This Week's Finds in Mathematical Physics - Week 19
John Baez
I will now start catching up on some of the papers that have accumulated
over the summer. This time I'll say a bit about recent developments in
quantum field theory and 4-dimensional topology.
The quantum field theories that describe three of the forces of nature
(electromagnetic, strong and weak) depend for their formulation on a
fixed metric on spacetime - that is, a way of measuring distance and
time. Indeed, it seems pretty close to being true that spacetime is
R^4, and that the "interval" between any two points in 4-dimensional
space is given by the Minkowski metric
dt^2 - dx^2 - dy^2 - dz^2
where dt is the change in the time, or t, coordinate, dx is the change
in the spatial x coordinate, and so on. However, it's apparently not
quite true. In fact, the presence of matter or energy distorts this
metric a little, and the effect of the resulting "curvature of
spacetime" is perceived as gravity. This is the basic idea of general
relativity, which is nicely illustrated by the way in which the presence
of the sun bends starlight that passes nearby.

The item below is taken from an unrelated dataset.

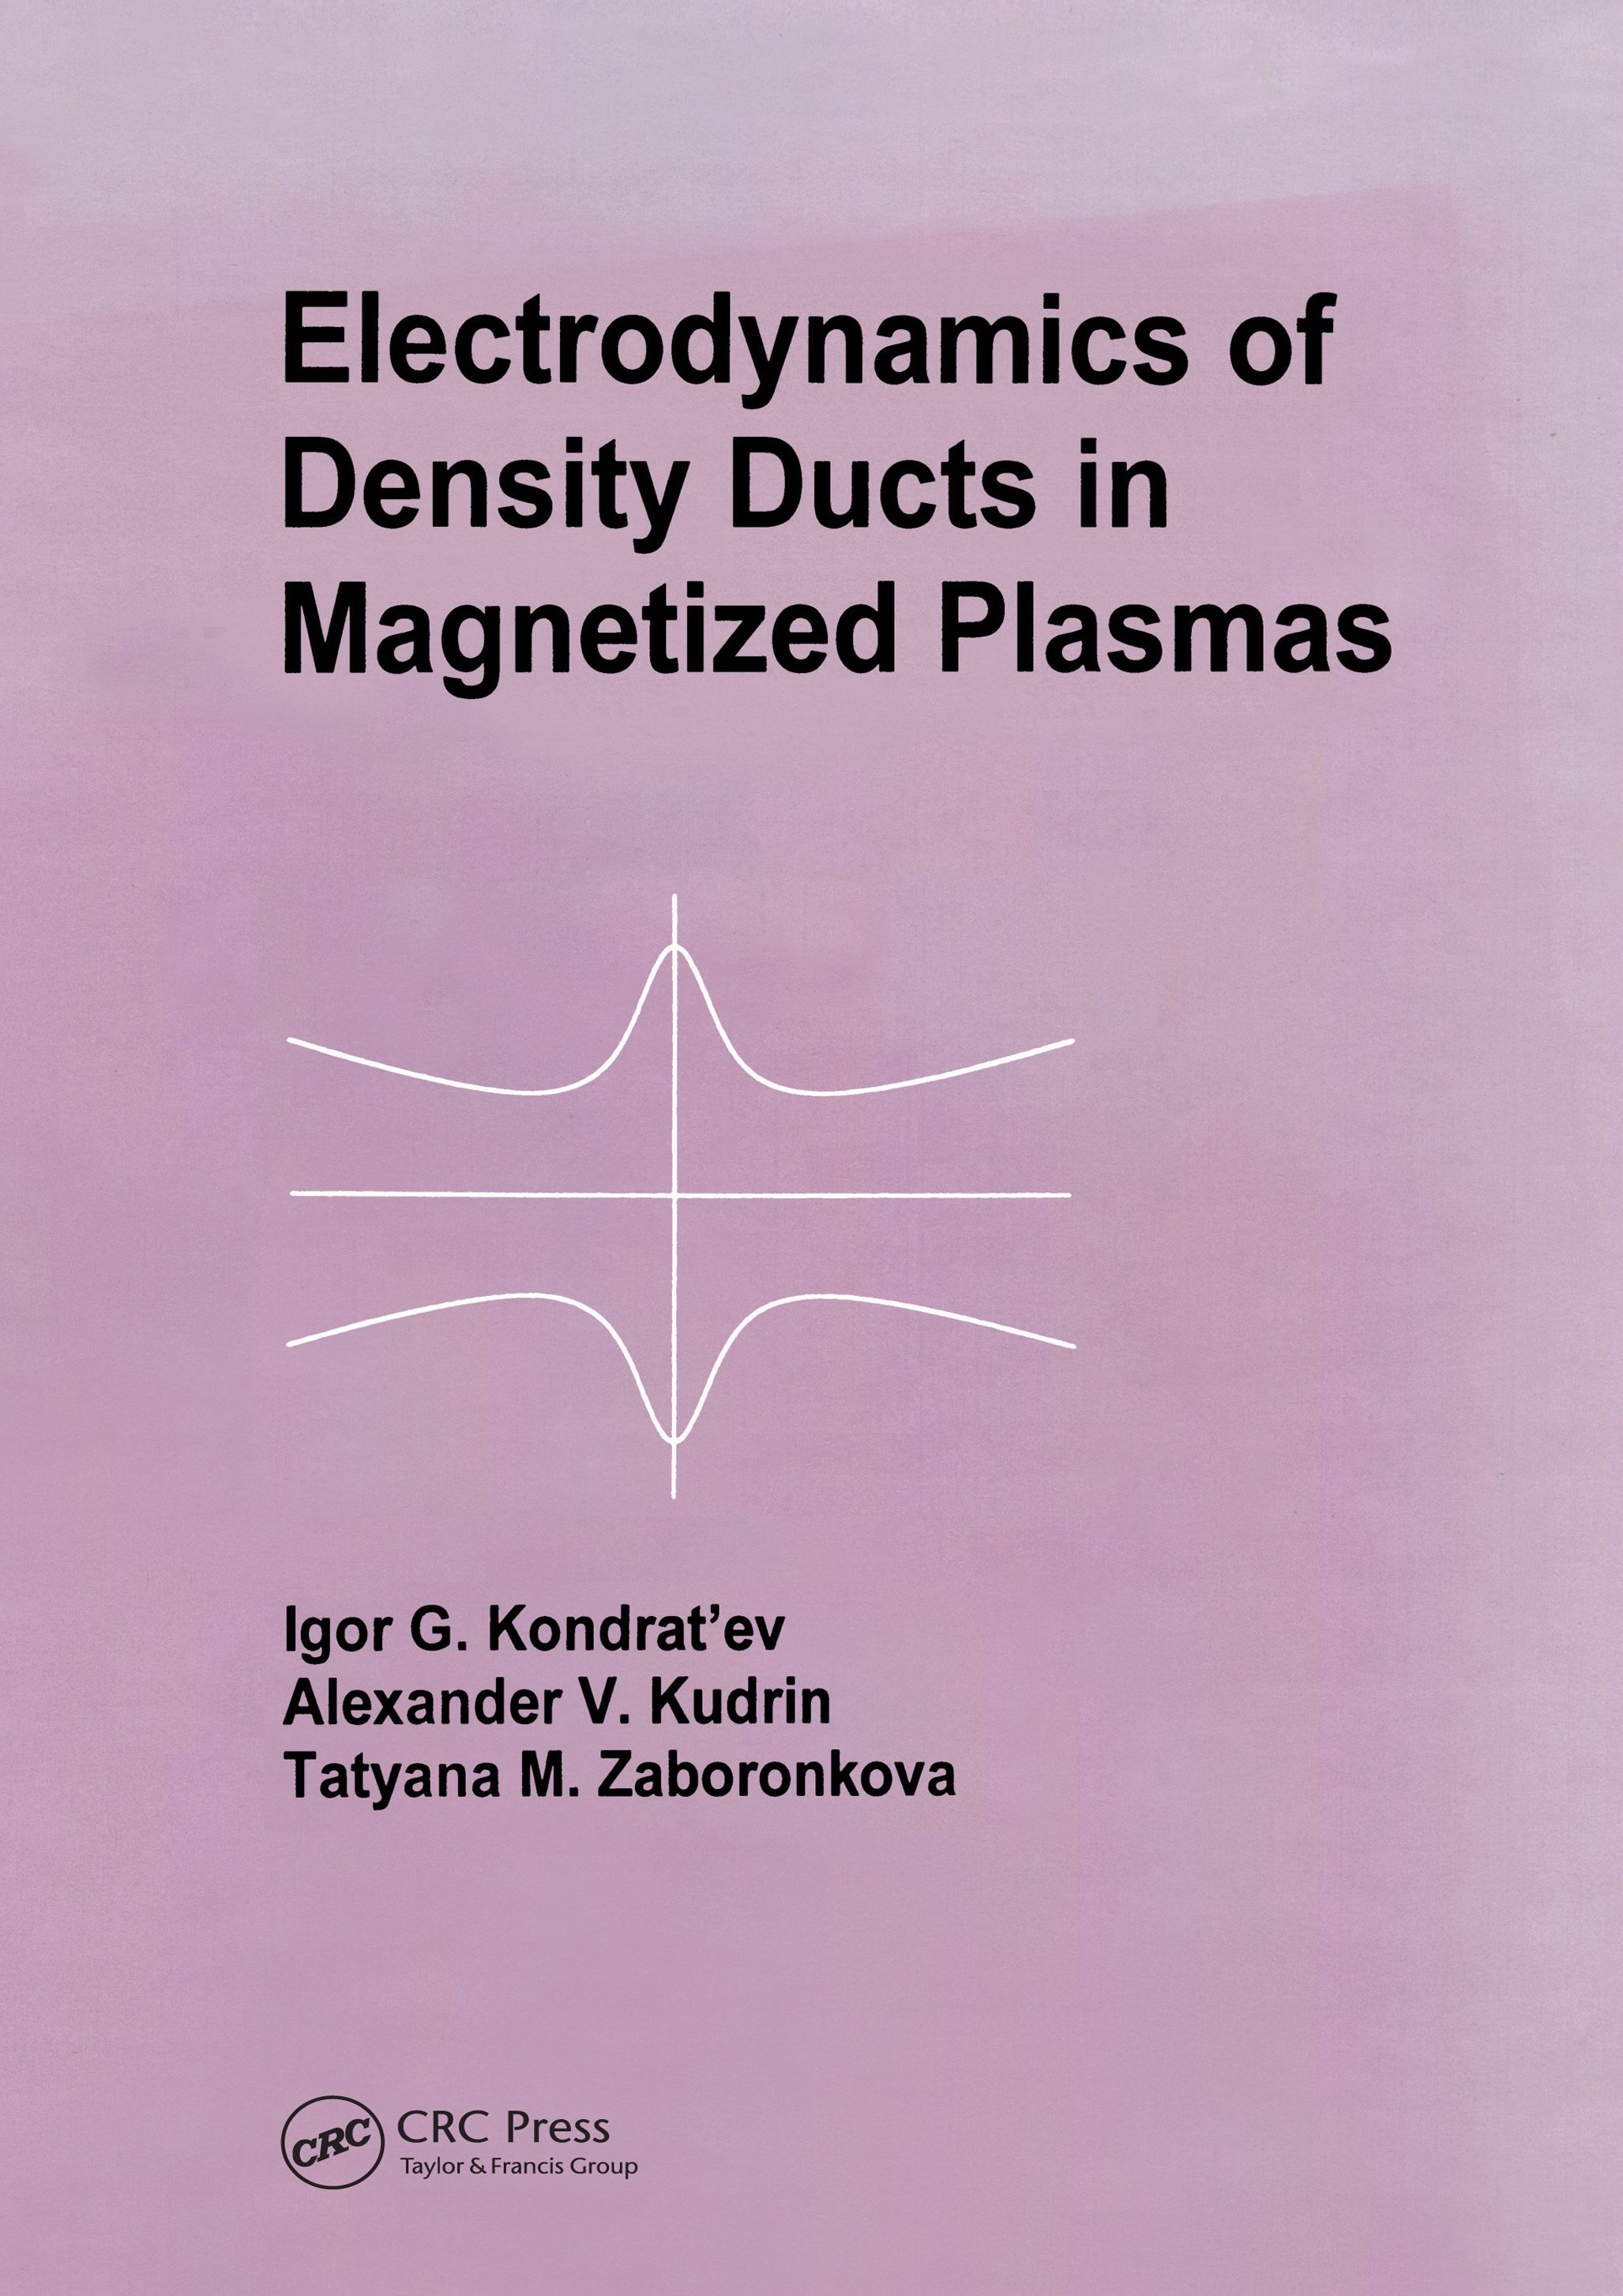 Electrodynamics of Density Ducts in Magnetized Plasmas - >100

Gravity is thus quite different from the other forces, at least to our
limited understanding. The other forces we have quantum theories of,
and these theories depend on a *fixed* (that is, pre-given) metric.
We have no quantum theory of gravity yet, only a classical theory,
and this theory is precisely a set of equations describing a *variable*
metric, that is, one dependent upon the state of the universe. These
are, of course, Einstein's equations.
In fact it is no coincidence that we have no quantum theory of gravity.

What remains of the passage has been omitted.